I am trying to cross join to tables.
import os
import pandas as pd
import sys
import pyodbc
con = pyodbc.connect("DRIVER= {NetezzaSQL};SERVER=netezza.xxx.com;PORT=5480;DATABASE=XXXXXX;UID=xxxxx;PWD=xxxxxxx;")
con.setdecoding(pyodbc.SQL_CHAR, encoding='utf-8')
con.setdecoding(pyodbc.SQL_WCHAR, encoding='utf-8')
con.setdecoding(pyodbc.SQL_WMETADATA, encoding='utf-8')
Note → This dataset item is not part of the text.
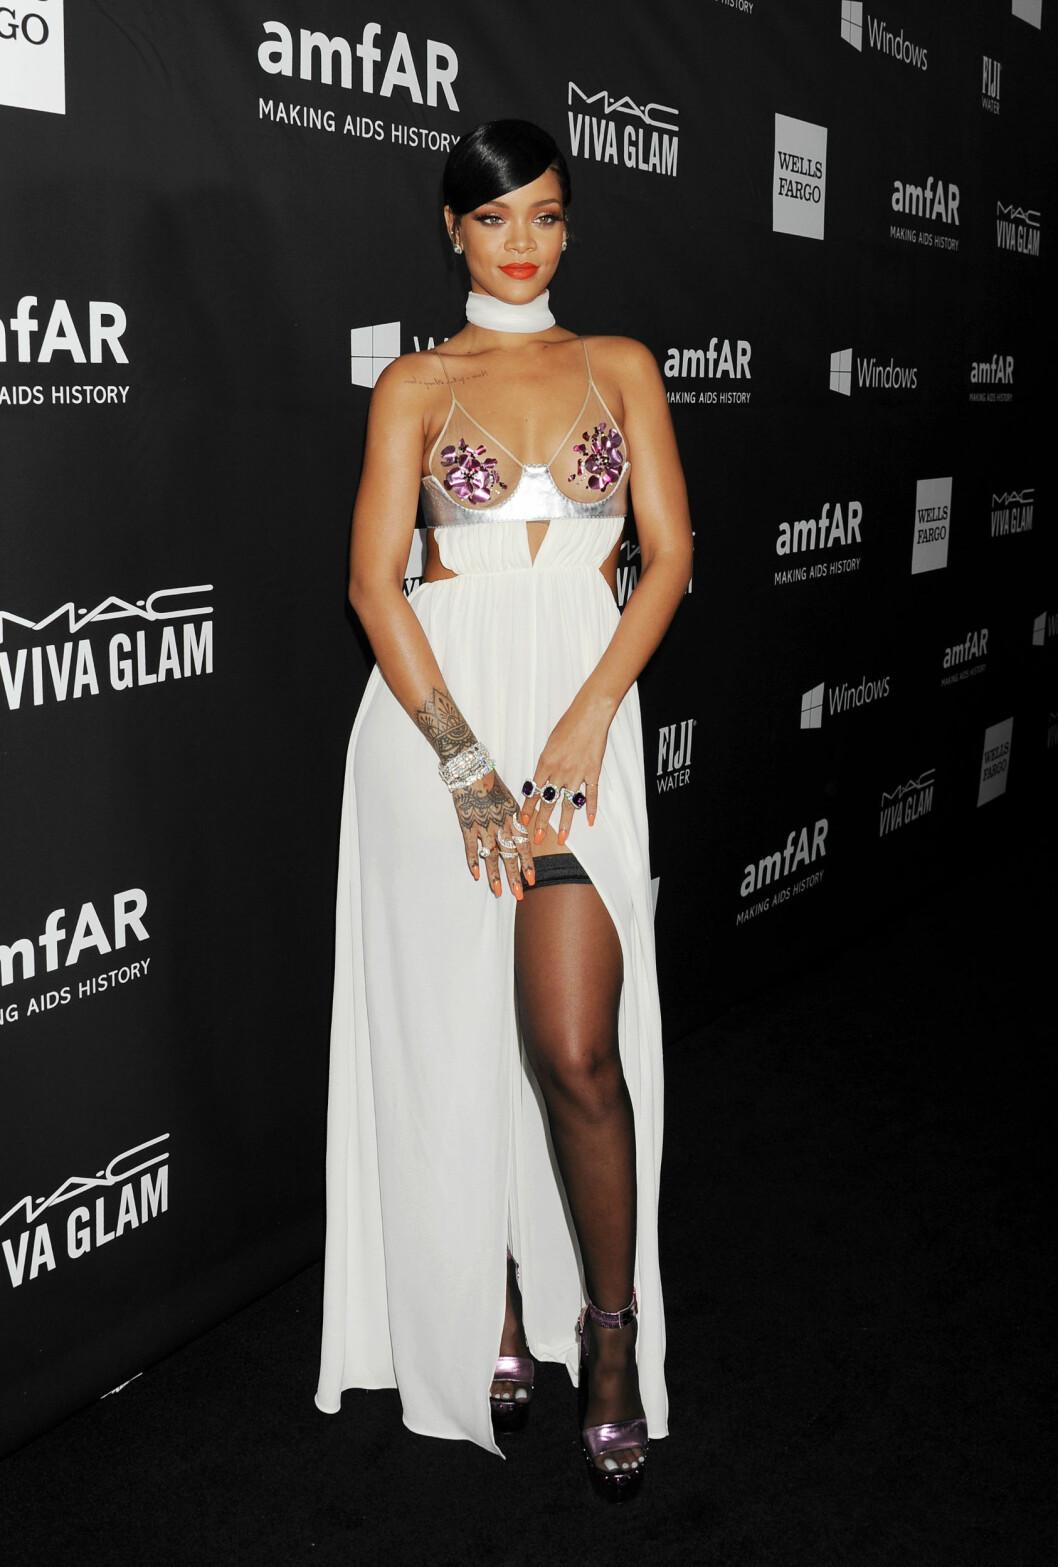 <strong>VÅGAL:</strong> Rihanna var også svært lettkledd på amfAR-gallaen. Hun viste både lår, midje og brystparti i denne Tom Ford-kreasjonen - som sikret henne terningkast to. Foto: Stella Pictures

con.setencoding(encoding='utf-8')
sql1 = """select * from table1"""
input1 = pd.read_sql_query(sql1,con)
student_name
0 abc
1 def
2 ghi
sql2 = """select * from table2"""
input2 = pd.read_sql_query(sql2,con)
subjects
0 maths
1 english
what i need is a cross join on table1 and table2 if i have to use sql it would be
select table1.*, table2.* from table1 cross join table2
student_name subjects
0 abc maths
0 abc english
1 def maths
1 def english
2 ghi maths
2 ghi english
i am trying to get above output using below line of code but it is throwing MemorryError. Any way of improving the code?
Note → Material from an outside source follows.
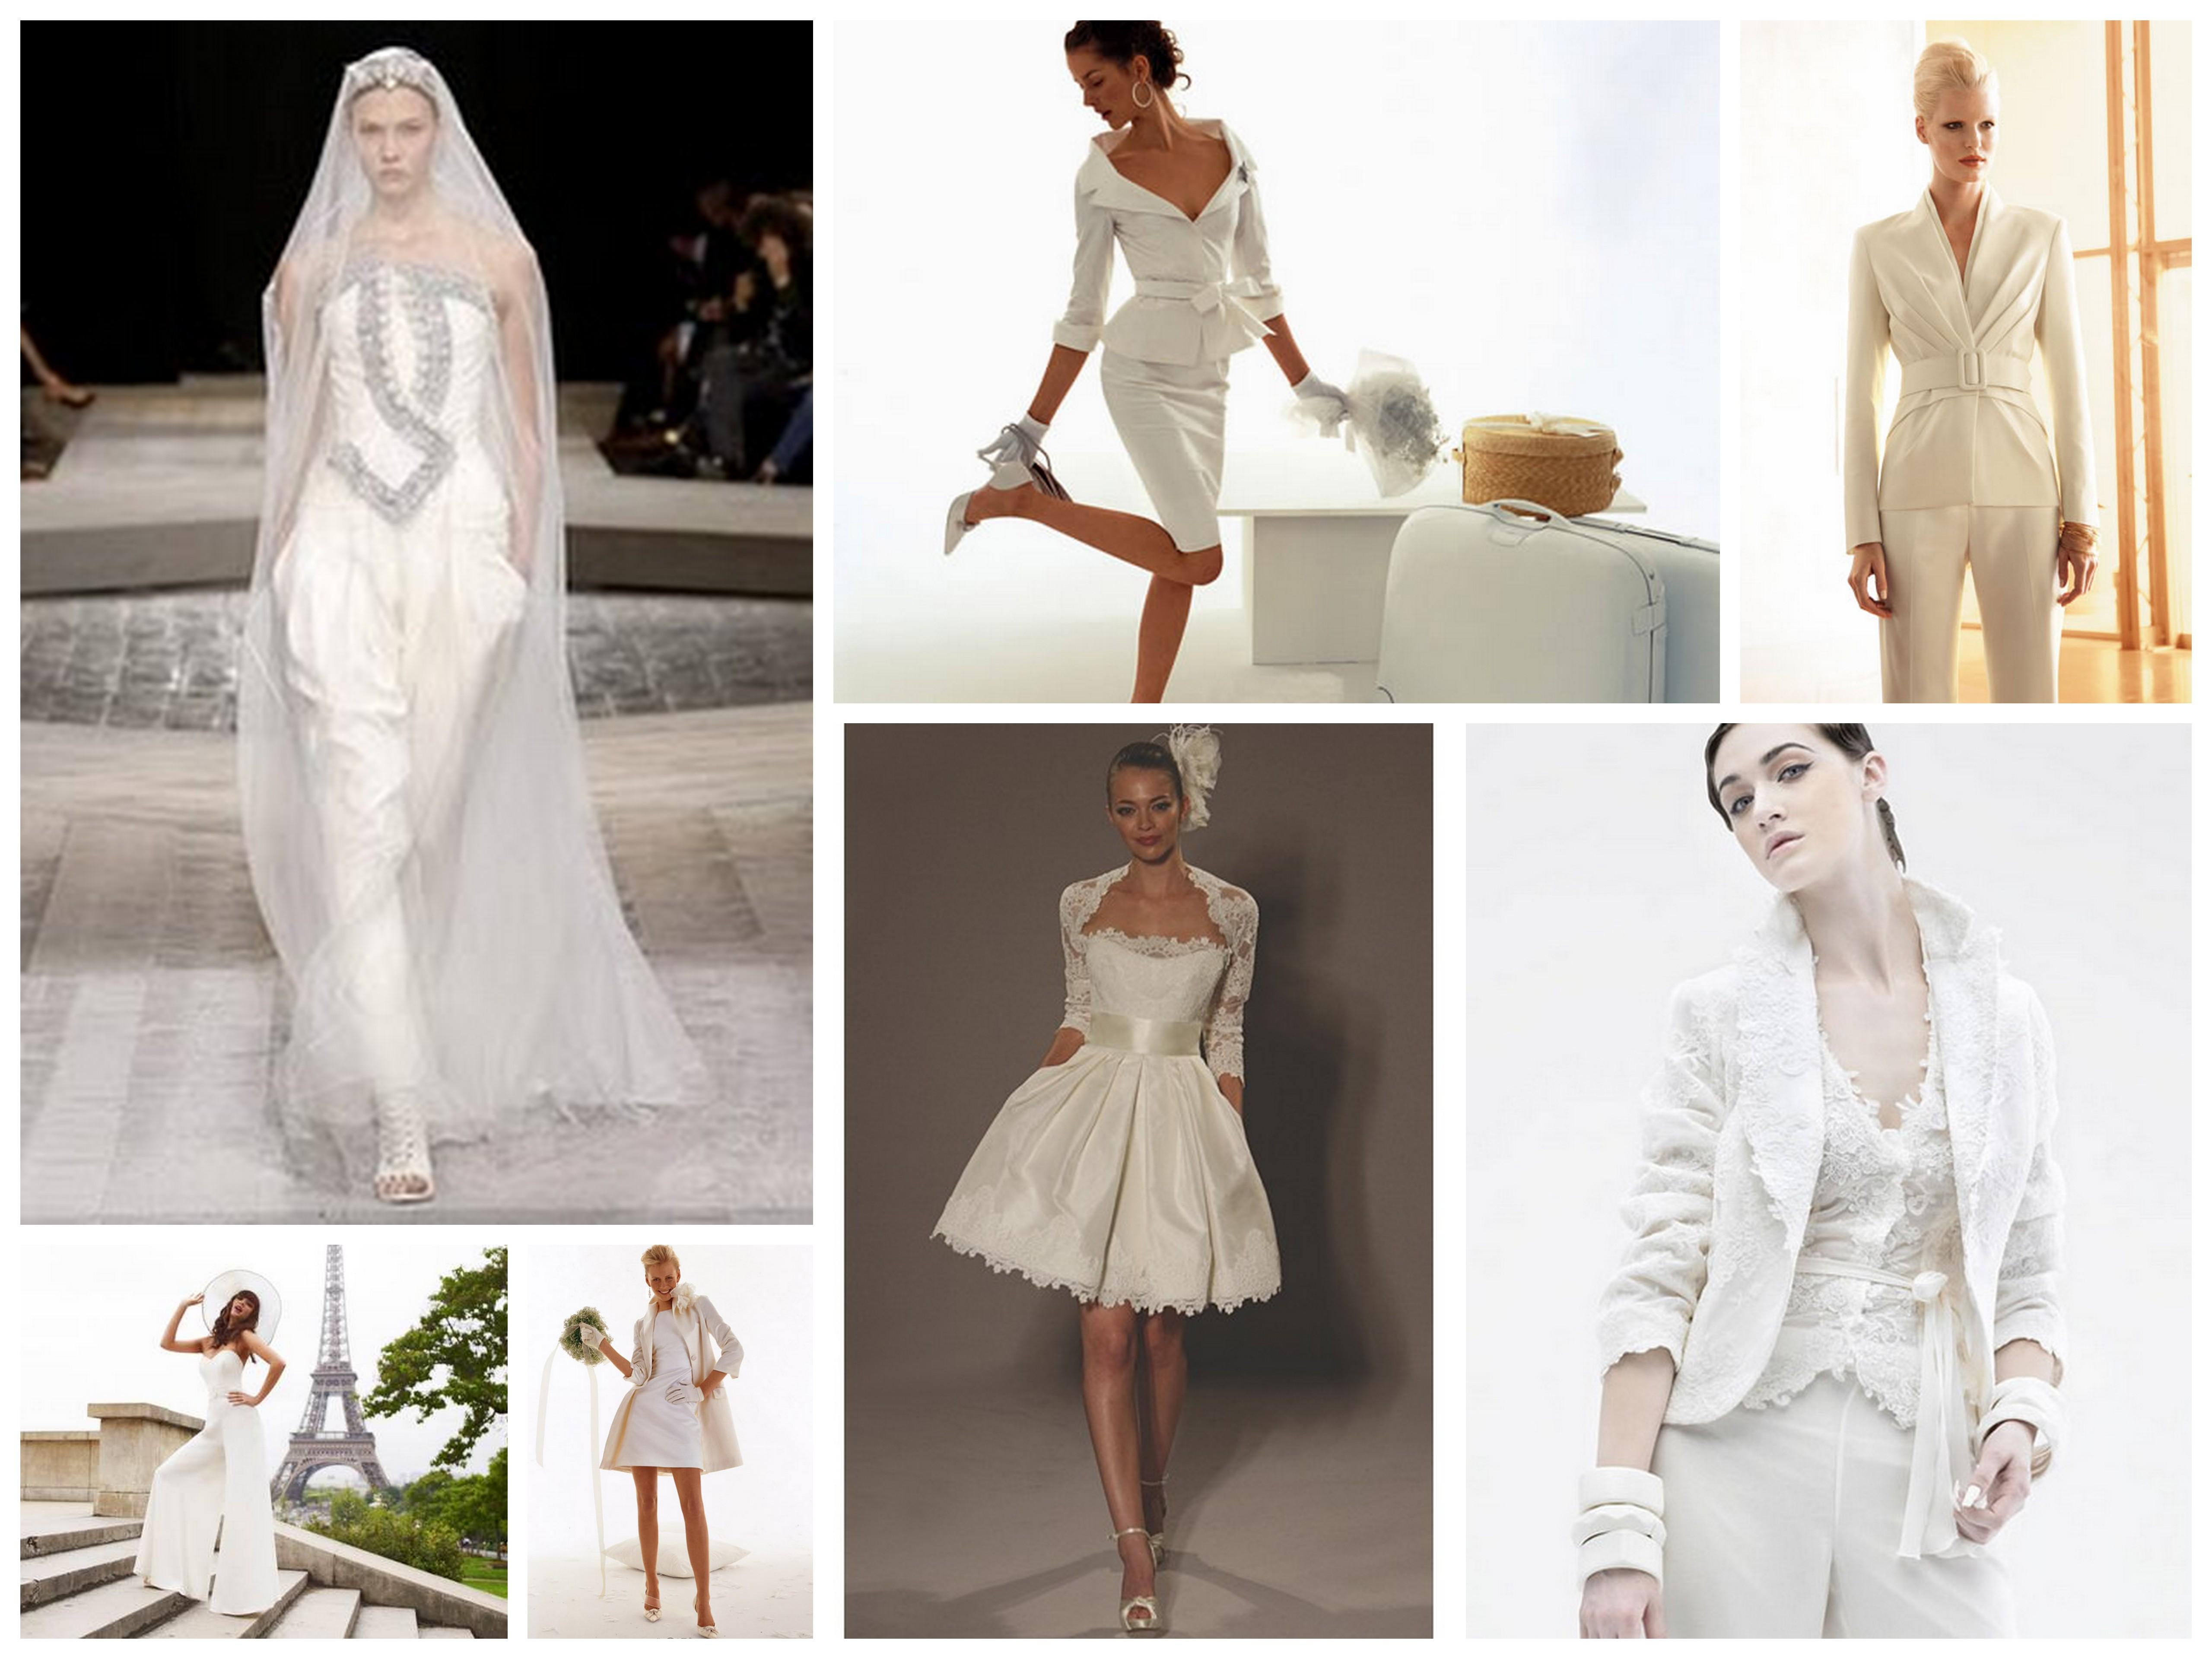 Wedding Dress Alternatives Collage | Fantastical Wedding Stylings

input1.assign(foo=1).merge(input2.assign(foo=1)).drop('foo',1)
Edited 3/28/2019: Since above one is not working i changed code to reduce columns. For this i converted dataframes to lists and looping on them to created output as a list. Buy the code is very slow. Any help to improve performance? I have a dataframe with key as first column and five columns with values between 0 and 1. Second dataframe have a different key as first column and 5 columns with 0 or 1 as values.
a = input5.values.tolist()
b = input6.values.tolist()
c = []
for i in range(len(a)):
for j in range(len(b)):
denominator = ((a[i][1]*float(b[j][1]))+(a[i][2]*float(b[j][2]))+(a[i]
[3]*float(b[j][3]))+(a[i][4]*float(b[j][4]))+(a[i][5]*float(b[j][5])))
numerator = (a[i][1]+a[i][2]+a[i][3]+a[i][4]+a[i][5])
mean = numerator/denominator
new_row = [a[i][0],b[j][0],mean]
c.append(new_row)
len(c)